Corruption scandals grip Morocco as governments pledge to fight scourge

Sunday 09/07/2017
Widespread anger. Protesters demonstrate against government corruption and official abuse of power in Rabat, last June. (AP)

Casablanca- The arrest of an elected official on corruption charges is the latest in a series of scandals grip­ping Morocco despite the government’s efforts to fight the scourge.
Zine El Abidine el-Howass, a deputy and president of the mu­nicipality of Had Soualem in Ber­rechid province, was charged with blackmail, falsification, forgery and corruption. He is accused of manip­ulating public records for personal profit.
Reports said 170 million dirhams ($17.4 million) had been seized at the deputy’s home, prompting widespread anger among Moroc­cans. The General Directorate for National Security (DGSN) denied the allegations.
Mohamed Tarek Sbai, the head of the National Body for the Pro­tection of Public Property, told the HuffPost Maroc that Howass “has 30 million dirhams ($3.1 million) in his bank account.” He added that the deputy does not have a good reputation.
Howass, from the Independence Party, allegedly engaged in abuse of power as president of the munici­pality of Had Soualem. A complaint filed against him by a property de­veloper alleges he demanded ap­proximately $83,000 in exchange for authorising the construction of a residential building.
The news triggered widespread condemnation on social media, with the hashtag (“Where is the Wealth?”), a reference to a speech given by Morocco’s King Moham­med VI three years ago, trending.

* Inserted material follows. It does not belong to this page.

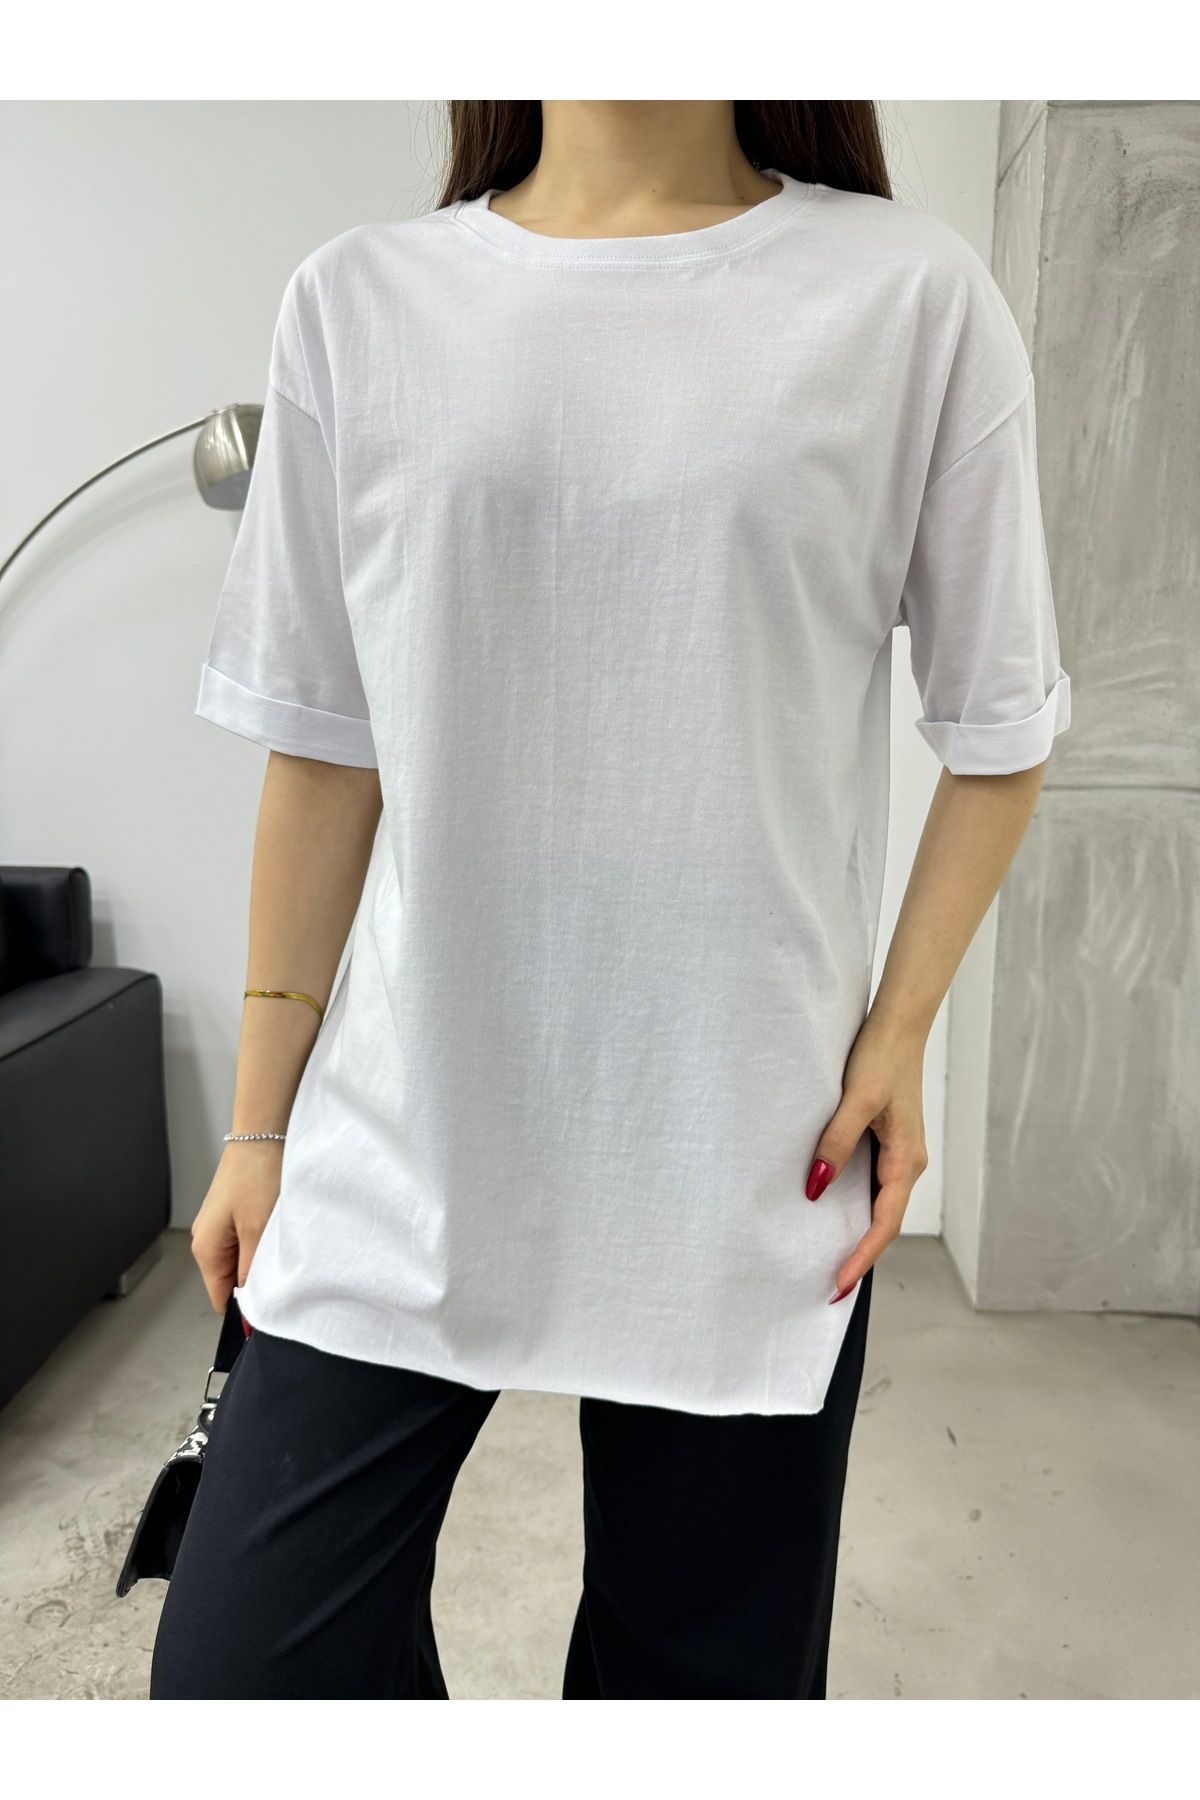 BİKELİFE Kadın Oversize Lazer Kesim Yan Yırtmaçlı T-shirt

“Where is the wealth and who is benefiting from it?” the king asked during a speech that marked his ac­cession to the throne.
“Cleansing corruption is like cleaning the stairs. It starts from top to bottom,” tweeted Mohamed Elkammouri.
Morocco was tied for 90th — No. 1 being the least corrupt — out of 175 countries, on the “2016 Corruption Perceptions Index” compiled by Transparency International.
In an interview aired on Al Aoula television, Moroccan Prime Min­ister Saad Eddine El Othmani said his government was taking the fight against corruption seriously.
“We take the reports of the Court of Auditors very seriously,” he said, adding that several officials had been arrested and brought to jus­tice.
The second phase of the country’s National Anti-Corruption Strategy 2017-20, part of the government’s plan to significantly reduce corrup­tion, began after the results were re­leased of the programme’s start-up phase.
“The anti-corruption strategy took the time needed to be put in place and the committee will be set up in the coming weeks with de­fined objectives and means,” said Othmani.
He insisted that, to win the fight against corruption, all citizens must cooperate.
“I insist that the fight against cor­ruption is a mission of all, as proven by the last cases… The prosecutor’s office can now investigate simple press articles if they are well done,” he said.
The previous Islamist-led govern­ment, which made the fight against corruption one of its top priorities, was not able to stem the problem despite taking extensive measures, including setting up a hotline to report corruption, which received nearly 800 calls daily.
Abdessalam al-Aziz, secretary-general of the National Ittihadi Con­gress (CNI) said the culture of cor­ruption was deep and had long been part of the system.
“Corruption exists in all sec­tors. It is not being fought vig­orously despite the creation of anti-corruption institutions,” said Aziz. “It is getting worse one year after another despite the political campaigns and speeches to fight it.”
“The government must tackle all forms of corruption and educate people about its repercussions on society,” he added.